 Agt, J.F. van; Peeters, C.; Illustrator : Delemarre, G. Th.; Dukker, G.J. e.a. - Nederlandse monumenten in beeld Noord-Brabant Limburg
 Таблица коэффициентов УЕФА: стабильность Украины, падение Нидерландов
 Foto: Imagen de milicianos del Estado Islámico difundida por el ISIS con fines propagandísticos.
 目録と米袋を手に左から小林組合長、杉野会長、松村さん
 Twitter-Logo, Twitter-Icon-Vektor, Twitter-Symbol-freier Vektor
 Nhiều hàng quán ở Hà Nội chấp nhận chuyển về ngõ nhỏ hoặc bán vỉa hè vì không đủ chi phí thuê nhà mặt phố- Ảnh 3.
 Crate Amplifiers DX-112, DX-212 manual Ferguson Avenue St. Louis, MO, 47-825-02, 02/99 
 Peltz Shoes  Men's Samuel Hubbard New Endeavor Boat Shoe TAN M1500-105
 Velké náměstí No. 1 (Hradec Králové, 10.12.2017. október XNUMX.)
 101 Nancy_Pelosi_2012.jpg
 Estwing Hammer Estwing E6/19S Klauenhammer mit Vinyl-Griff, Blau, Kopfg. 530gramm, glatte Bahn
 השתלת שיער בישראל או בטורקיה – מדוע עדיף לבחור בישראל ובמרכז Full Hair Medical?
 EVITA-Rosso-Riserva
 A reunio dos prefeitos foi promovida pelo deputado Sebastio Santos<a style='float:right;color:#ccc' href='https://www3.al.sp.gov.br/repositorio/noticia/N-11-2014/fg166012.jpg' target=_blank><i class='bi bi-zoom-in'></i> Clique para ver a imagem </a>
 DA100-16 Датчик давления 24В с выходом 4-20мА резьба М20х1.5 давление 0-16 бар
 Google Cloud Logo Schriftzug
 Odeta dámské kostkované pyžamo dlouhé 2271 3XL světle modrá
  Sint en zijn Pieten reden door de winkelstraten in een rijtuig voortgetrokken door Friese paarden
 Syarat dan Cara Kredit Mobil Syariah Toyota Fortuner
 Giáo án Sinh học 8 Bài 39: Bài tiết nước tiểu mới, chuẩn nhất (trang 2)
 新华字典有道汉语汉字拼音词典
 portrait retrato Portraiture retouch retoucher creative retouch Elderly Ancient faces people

What the exercise asks >> How many lines in the data above contain the word "Logo"? Reply with only that figure.

Output of the exercise >> 2